In the listing below, the lines starting at the line with "Imaging device for simulating flame" and ending at the line with "Petty Officers - Expansion" are to be output verbatim. Images stay out of the copy.

● Given data
++++++++++

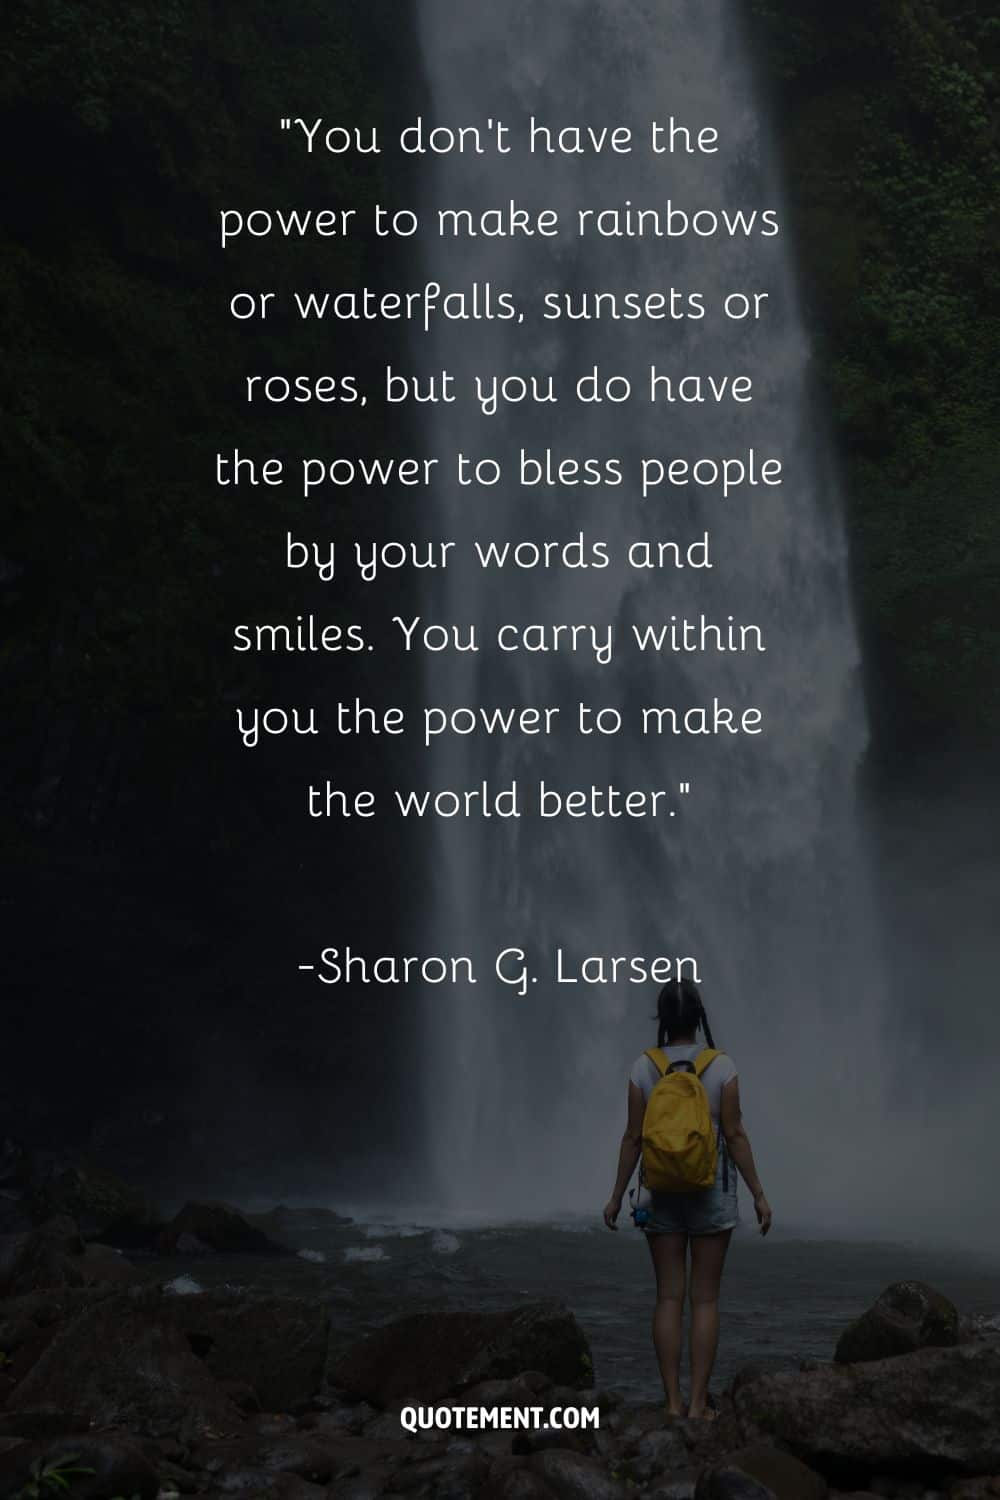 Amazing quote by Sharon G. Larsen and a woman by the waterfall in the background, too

++++++++++

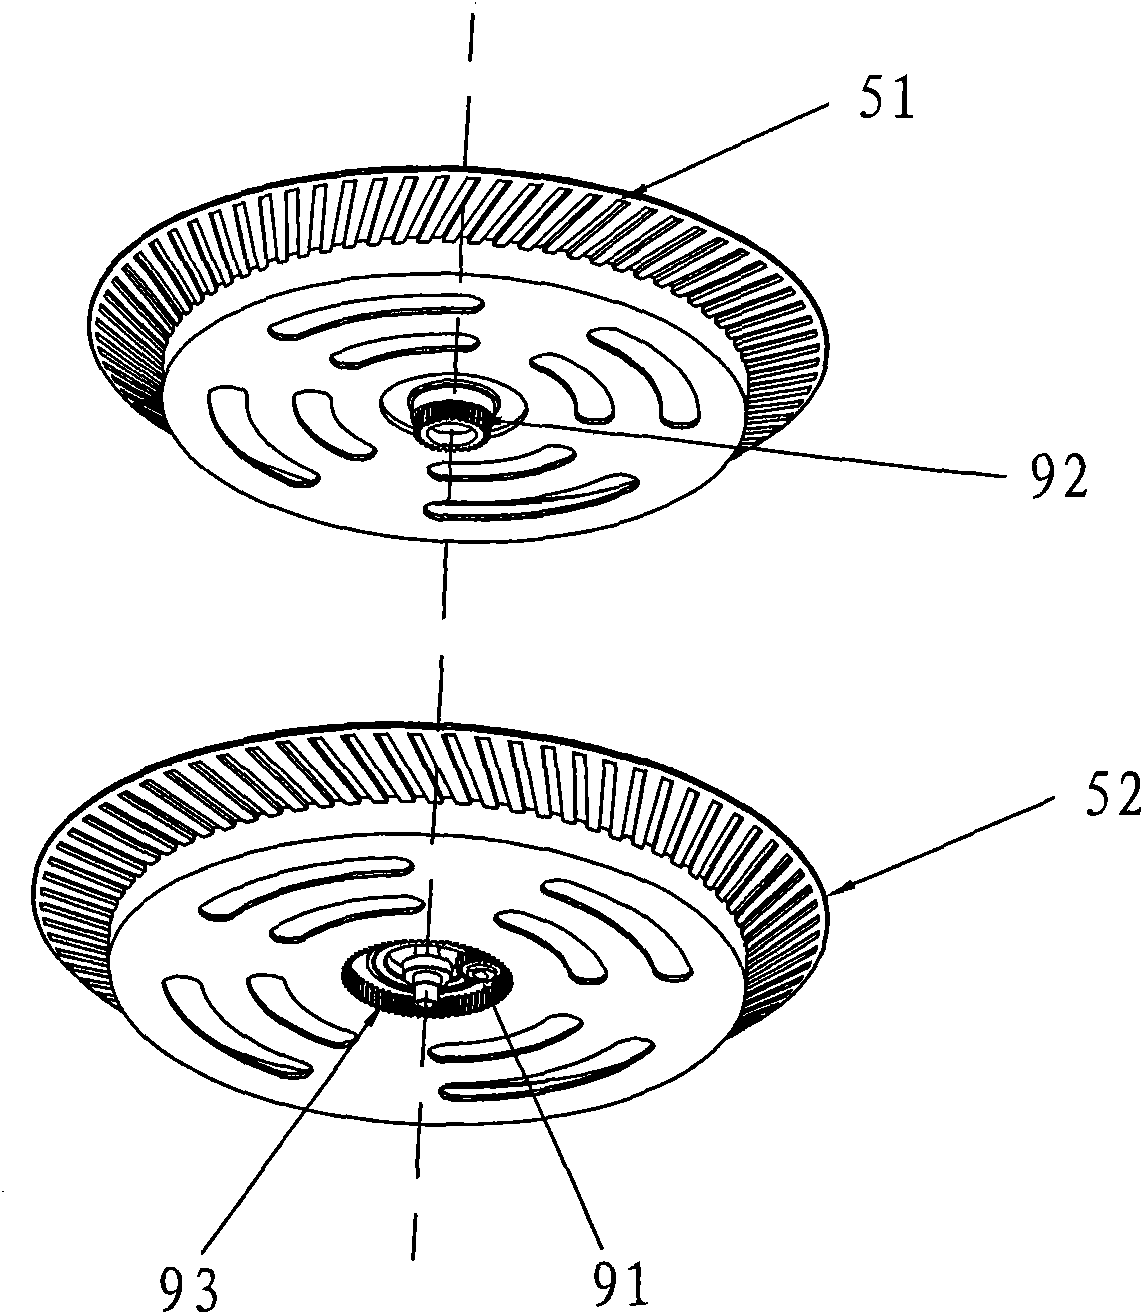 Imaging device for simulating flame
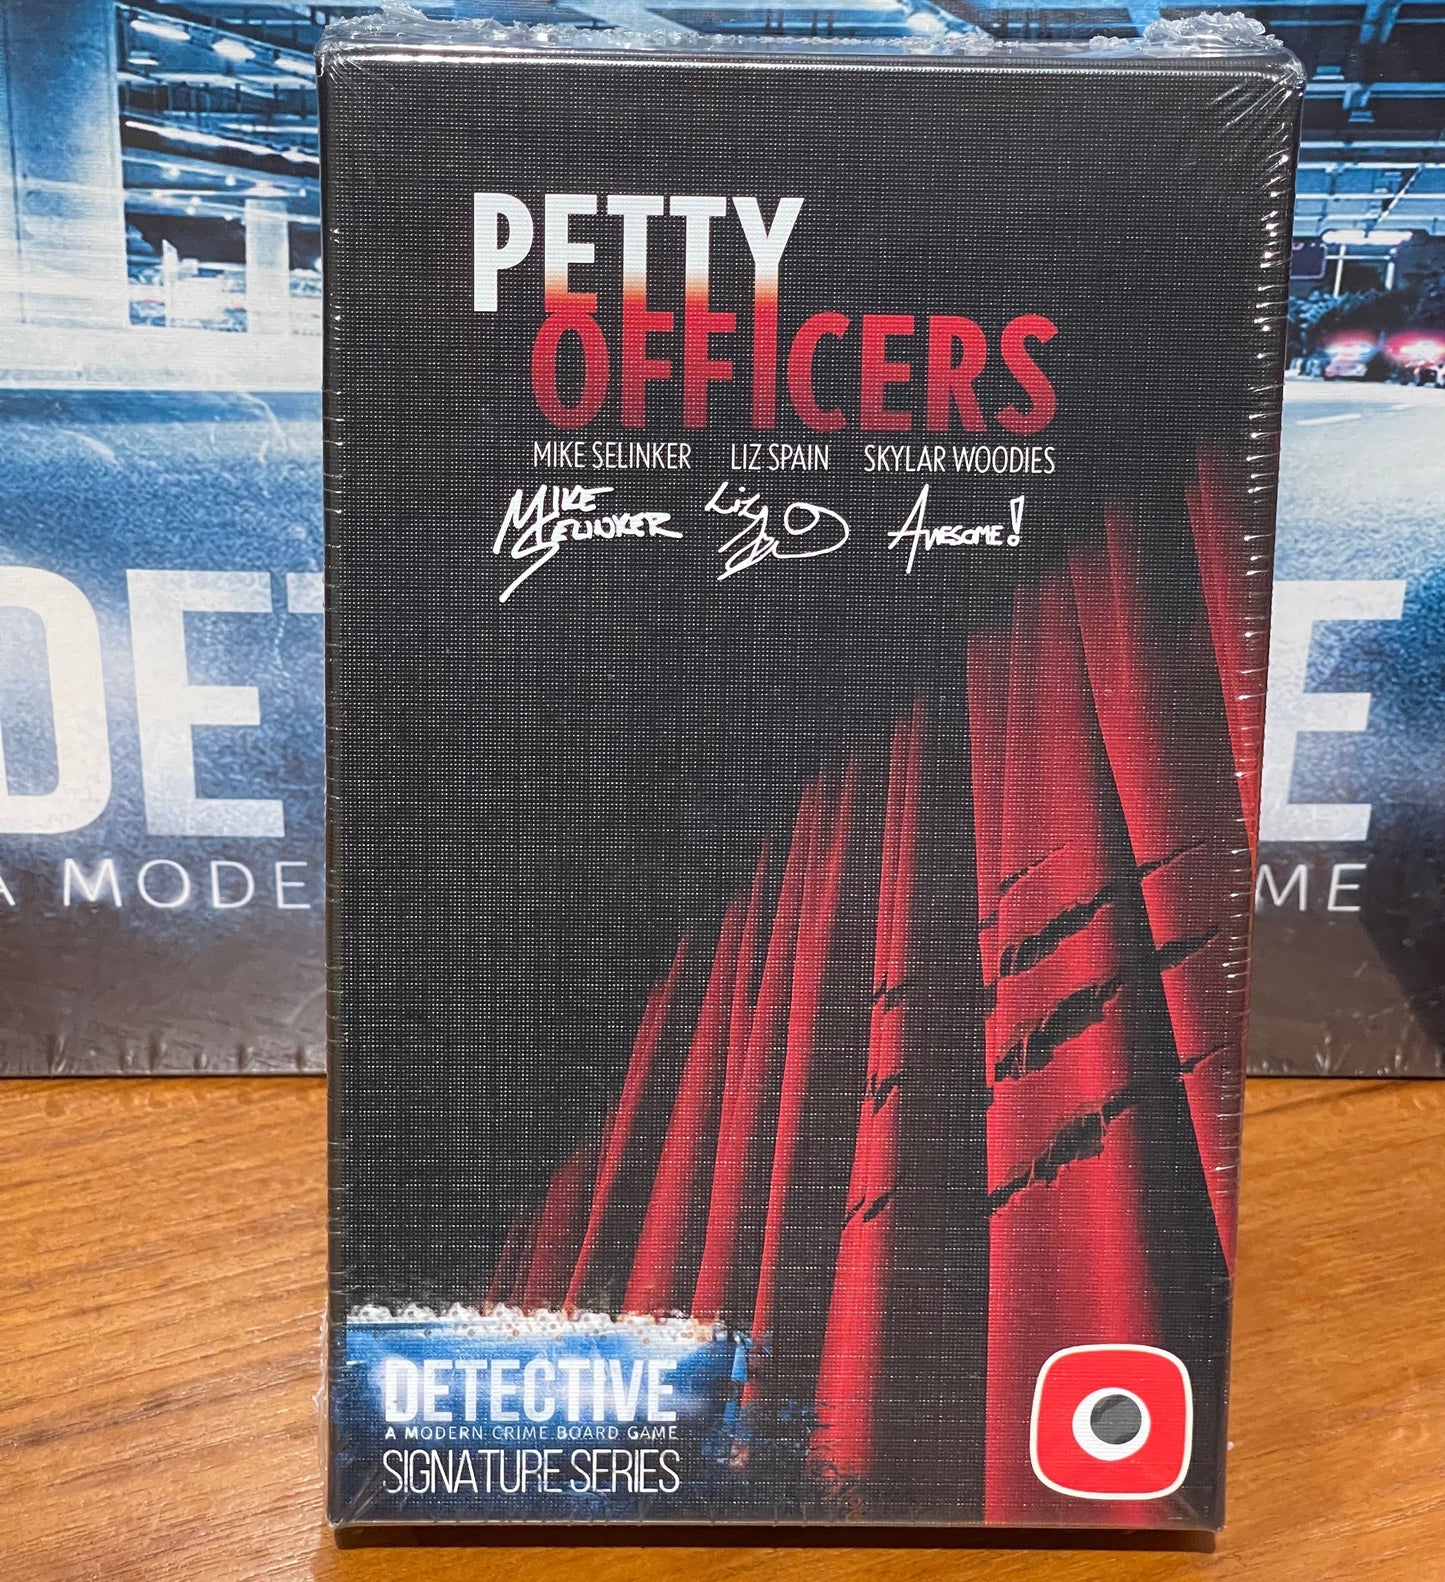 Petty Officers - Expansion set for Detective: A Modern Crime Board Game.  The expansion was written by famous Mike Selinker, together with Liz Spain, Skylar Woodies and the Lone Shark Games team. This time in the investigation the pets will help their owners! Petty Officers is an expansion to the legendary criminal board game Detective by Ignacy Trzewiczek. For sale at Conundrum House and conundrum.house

++++++++++

● Problem solution
 Imaging device for simulating flame
 Petty Officers - Expansion set for Detective: A Modern Crime Board Game.  The expansion was written by famous Mike Selinker, together with Liz Spain, Skylar Woodies and the Lone Shark Games team. This time in the investigation the pets will help their owners! Petty Officers is an expansion to the legendary criminal board game Detective by Ignacy Trzewiczek. For sale at Conundrum House and conundrum.house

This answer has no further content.